We’ve made collecting those metrics extremely cheap and then we collect them as much as possible and that helps us close all these loops. That helps us build systems where we can detect drift and we can make sure they’re heading for stable states and not heading for unstable states. We try to avoid infrequent actions. If we have a process that’s happening once a year, it’s almost certainly doomed to failure. If it’s happening once a day, it’s probably ok.

My classic favorite example of this as an Open Loop process, is certificate rotation. I happened to work on TLS a lot, it’s something I spent a lot of my time on. Not a week goes by without some major website having a certificate outage. Often it’s because they’ve got a three-year or a one-year certificate and they put it on their boxes. They’re, “I don’t have to think about it for another year or three”, and then the person leaves and there’s nothing really monitoring it, nobody’s getting an email, and then that day comes and the certificate isn’t valid anymore and we’re in trouble.

A really common Open Loop is credential management in general, of which this is just one example.
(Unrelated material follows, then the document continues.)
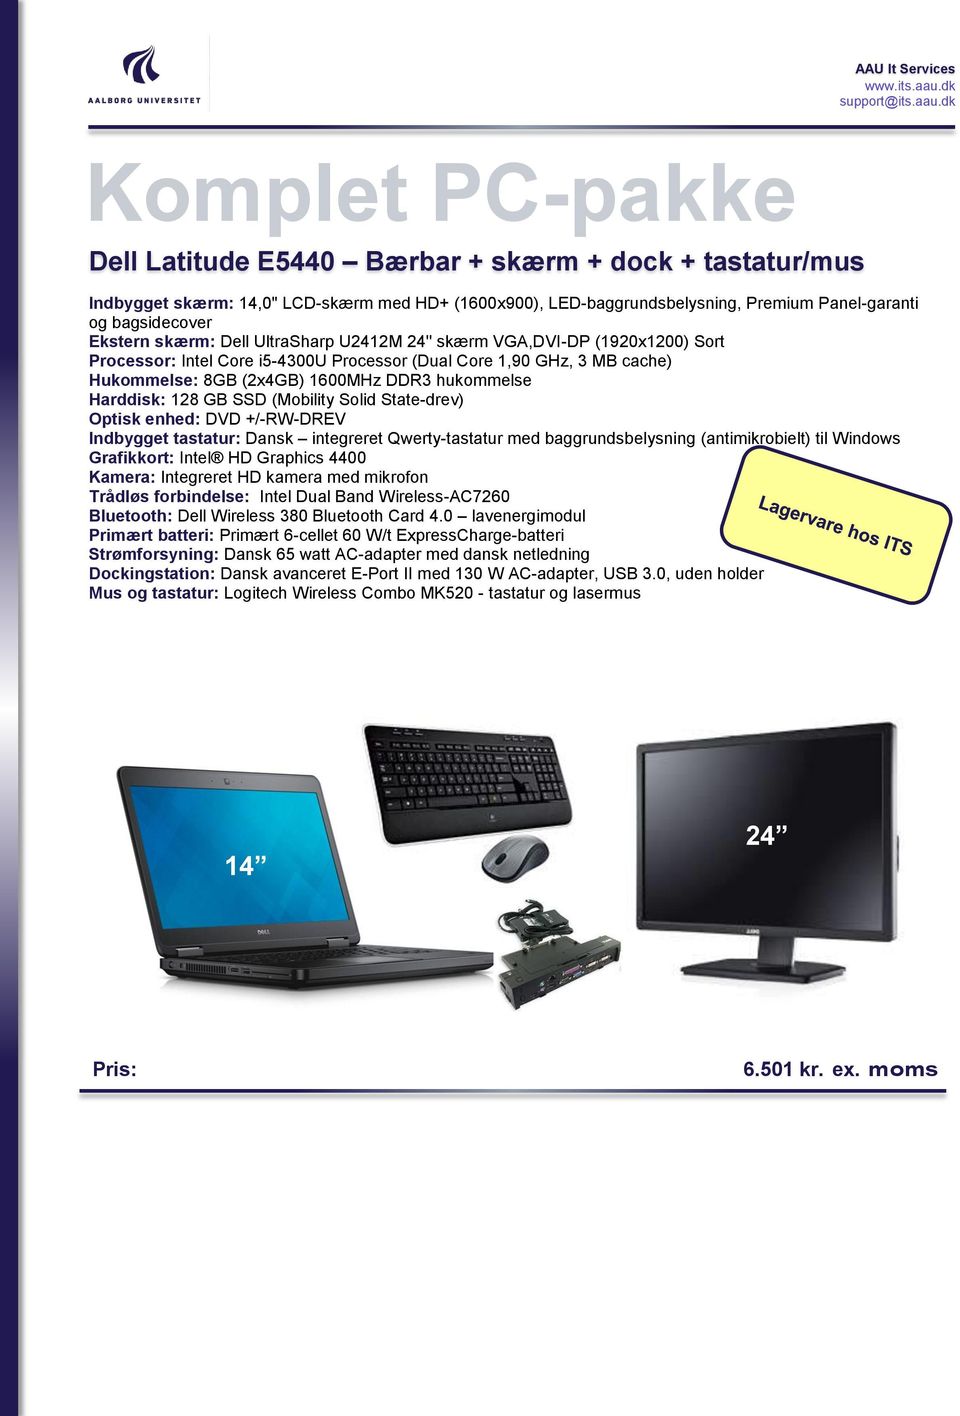 Harddisk: 128 GB SSD (Mobility Solid State-drev) Optisk enhed: DVD +/-RW-DREV Indbygget tastatur: Dansk integreret Qwerty-tastatur med baggrundsbelysning (antimikrobielt) til Windows Grafikkort:

Everywhere else we built, we have this problem too, we have to keep a lot of certificates in sync, so we built our own certificate management system and we actually made it public. We use this ourselves, it’s tied into EOB and CloudFront and a bunch of things. Amazon manager is monitoring certificates as well, looking for any drift, making sure that the load balancer that should have things really has them, that a CloudFront distribution that should have it really has it.

It’s even possible to monitor and alert and so on and uncertified expiry times if you’ve loaded them in manually. The magic to fixing these Open Loops is to really think about measuring first, like I said with that earliest example about just taking feedback and integrating that, but approaching systems design as, “I’m not going to write a script or a control system that just does X, then Y, then Z.” Instead, I’m going to approach it as, “I’m going to describe my desired state, so it’s a bit more declarative, and then I’m going to write a system that drives everything to that desired state.” It was a very different shape of systems. You’ll just write your code very differently when you’ve got that mental model.

In my experience, that model is far better, because it is a closed-loop from day one, far better because they tend to be more succinct ways to just describe these systems, far better because it can also be dual purpose. Often your provisioning system can be the same as a control system. For example, you show up on day one and you’ve got a new region to build in our case, or availability zone to build. You can just run your control plane and it starts off and the error is, I don’t have any of my hosts so provision them, because that’s what it’s meant to do. That’s what it’s built to do, and it ends up having a dual role, which is cool.

If you’re into form of verification like I am, it is vastly easier when you get to the stage where you can formally verify something to verify declarative systems, systems that have their state described like that. It’s just easier, the tools are more structured that way. We’ve been doing a bunch of this, we’ve got papers out where we’ve shown how we use TLA plus, CryptoWall, and you can search for those if you’re interested. We also use tools like F-star and Coke, which are pretty awesome and useful for verifying these kinds of systems. That’s the first X-Ray vision, superpower, look for open loops.

X-Ray Vision: Power Laws

The second is about Power Laws, and it’s about looking for power laws and systems and how to fight them. The reason for this is to do deal with another mental model that I have, which is around how errors propagate. Imagine your distributed system, in my case the cloud, as this one big uniform collection of boxes. These boxes might represent hosts or applications or processes or however granular you want. These could be every tiny little bit of memory on every device in your entire system. Someday an error happens somewhere that you didn’t really plan for – an exception is thrown, a box chokes up, a piece of hardware fails. Well, in distributed systems, that box has dependencies, they tend to fail then, too, especially if they’re synchronous systems.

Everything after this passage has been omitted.